The funding will help executives develop more resources for the Johnson City business community and support FoundersForge’s Startup Bootcamp, a nine-week program designed for people looking to start a business in technology or a highly scalable field.

“We want to focus on helping people take the first or next step on this business trip while encouraging them to stay in our area because we often lose people,” said Heath Guinn, President of Sync Space.

Bootcamp starts the week of March 15th, but FoundersForge is accepting applications until March 1st. You can submit an application for the Startup Bootcamp at myfoundersforge.com/bootcamp. The groups plan to hold the event again at the end of the year and host the boot camp every two years.

Guinn said Sync Space will also host the second year of its accelerator program in Johnson City, which will focus on rural health and will receive funding through the partnership.

Of the funds earmarked for this partnership, Nelson says $ 50,000 will go to FoundersForge. The extra money will allow the organization, which was previously Startup Tri-Cities before it was renamed 501 (c) 3 last year, to move from a volunteer organization to a dedicated team organizing its programming. The partnership will also enable FoundersForge to develop additional events.

“This allows us to work at a more effective level where we have more one-on-one conversations or in small groups with existing startups,” said Nelson.

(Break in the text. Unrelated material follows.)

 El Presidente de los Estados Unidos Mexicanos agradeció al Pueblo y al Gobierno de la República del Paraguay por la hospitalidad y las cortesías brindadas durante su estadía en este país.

According to Guinn, Johnson City and ETSU already have a strong entrepreneurial spirit.

“You can feel it in our region,” said Guinn. “It’s grown over the past few years, so it’s important to expand the programming around that spirit to keep companies and talent here. That’s a major focus.”

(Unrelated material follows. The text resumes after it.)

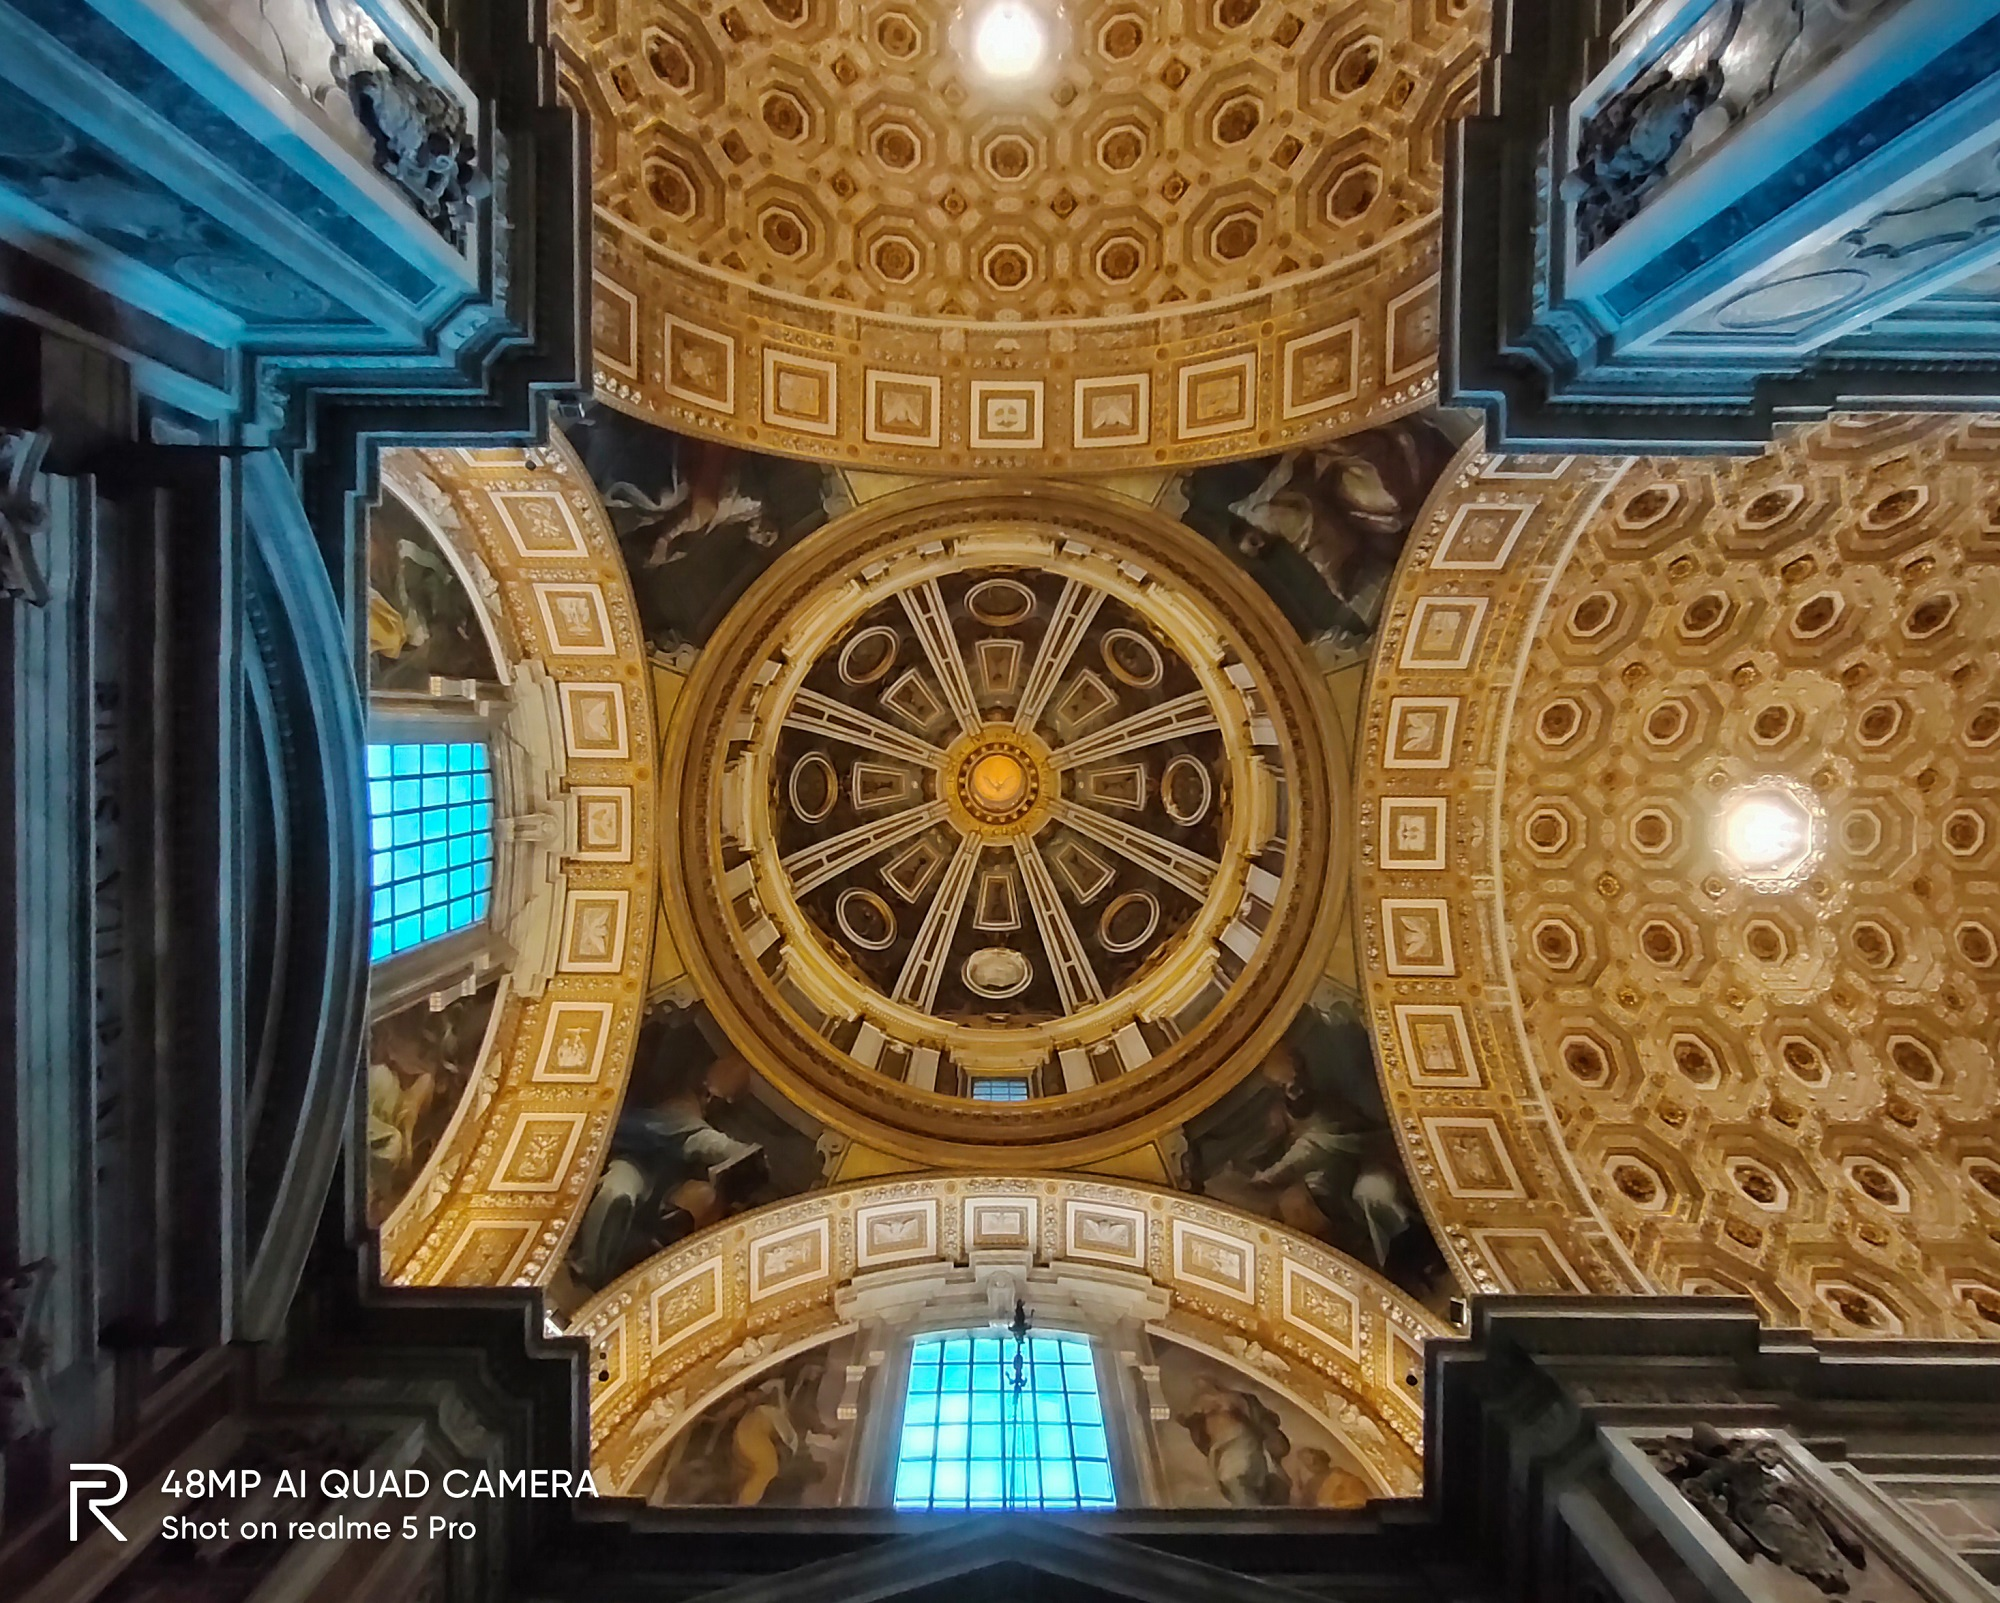 Mái vòm của nhà thờ St. Peter được chụp bằng camera góc rộng điện thoại Realme Pro 5

In addition, Guinn said East Tennessee has the opportunity to become the center for rural entrepreneurship in the United States

“You can’t play Kingsport against Johnson City,” he observed. “We have to compete with our region against the rest of the country.”

Johnson City Mayor Joe Wise said this partnership is an integral part of developing a strong startup community in the city.

When members of the Johnson City Commission visited Chattanooga a few years ago, Wise noted that several different partners had to come together to create a thriving business community in the city. Broadband access, funding, education and coaching are part of this effort.

“This seemed like a great opportunity to review those lessons in Johnson City,” he said.

According to Wise, the commissioners want this partnership to help develop a culture of collaboration that fosters the development of startups. When Wise started his company years ago, there were a lot he didn’t know.

“It was other little business people who … could teach me so much and encourage me so productively that I was successful,” he said.